How to extract plain text from PDF in golang

2019-07-12 18:50发布

问题:

I want to extract text from pdf file using GO. I tried using ledongthuc/pdf Go package that implement the method GetPlainText() to get plain text content without format. But I don't get the plain text.
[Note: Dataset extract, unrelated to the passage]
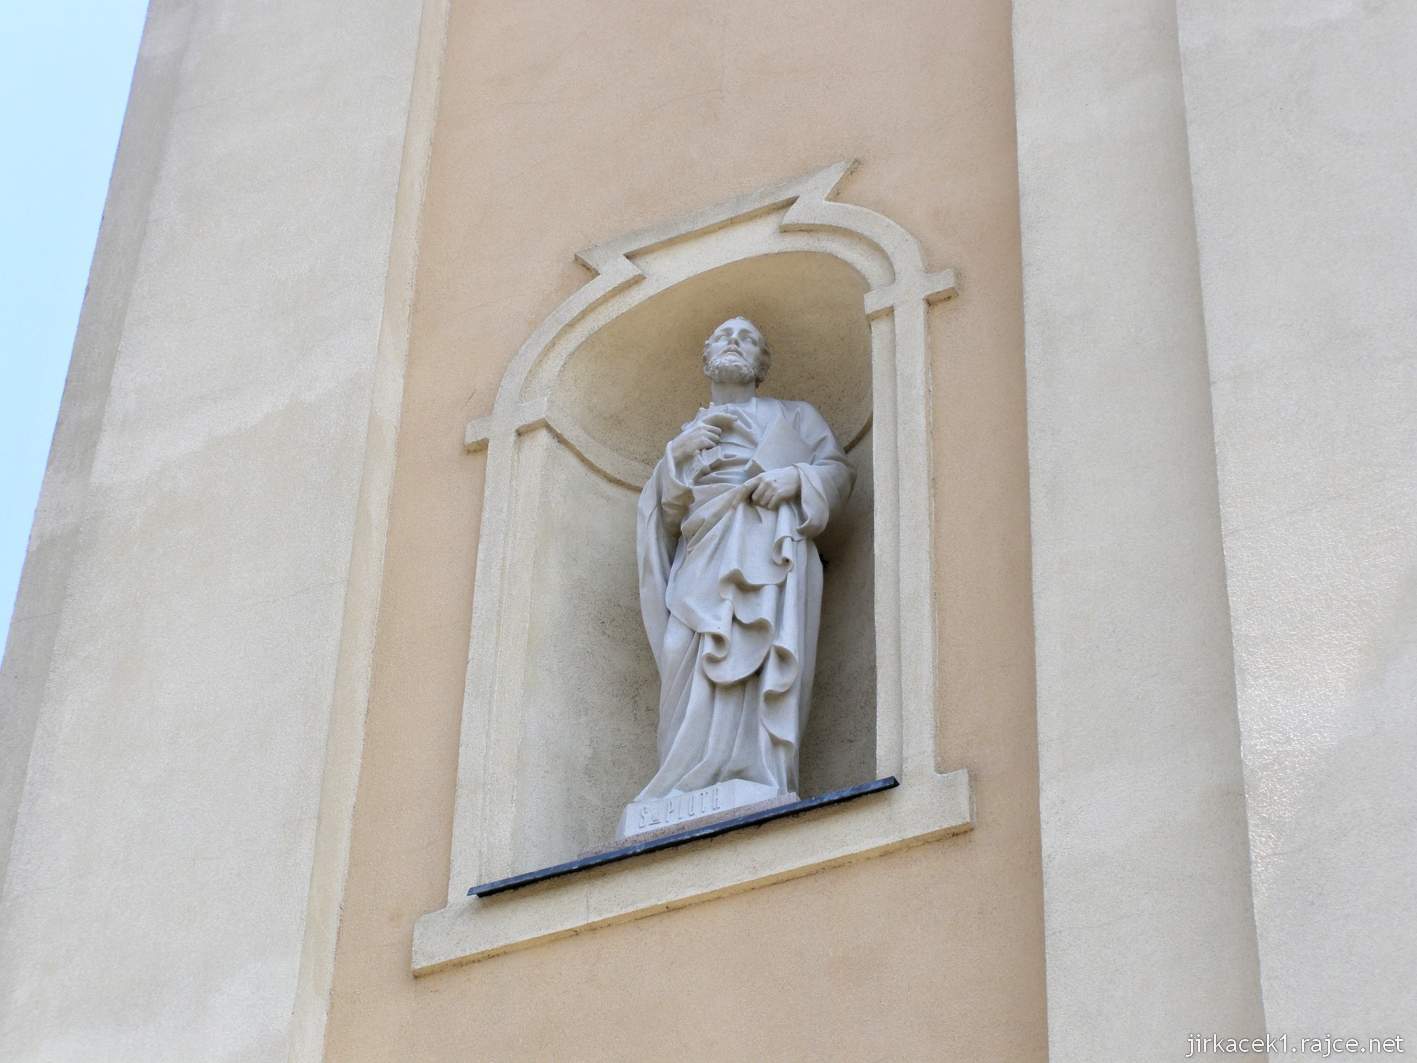 Tworków - kostel sv. Petra a Pavla (Kościół Św. Piotra i Pawła w Tworkowie) - socha sv. Petra nad vchodem do kostela

I have as a result:

 W
 S
 D
 V
 Y R
 O
 R
 Q
 W
 D
 L
 U
 H
 P
 H
 Q
 W
......

Go code

package main

import (
    "bytes"
    "fmt"

    "github.com/ledongthuc/pdf"
)

func main() {
    content, err := readPdf("test.pdf")
    if err != nil {
        panic(err)
    }
    fmt.Println(content)
    return
}

func readPdf(path string) (string, error) {
    r, err := pdf.Open(path)
    if err != nil {
        return "", err
    }
    totalPage := r.NumPage()

    var textBuilder bytes.Buffer
    for pageIndex := 1; pageIndex <= totalPage; pageIndex++ {
        p := r.Page(pageIndex)
        if p.V.IsNull() {
            continue
        }
        textBuilder.WriteString(p.GetPlainText("\n"))
    }
    return textBuilder.String(), nil
}

回答1:

You can have a message such as "Exemple of a pdf document." instead of

Ex
a
m
pl
e

of

a

pd
f

doc
u
m
e
nt
.

What you need to do is change the textBuilder.WriteString(p.GetPlainText("\n")) to

textBuilder.WriteString(p.GetPlainText(""))

I hope this helps.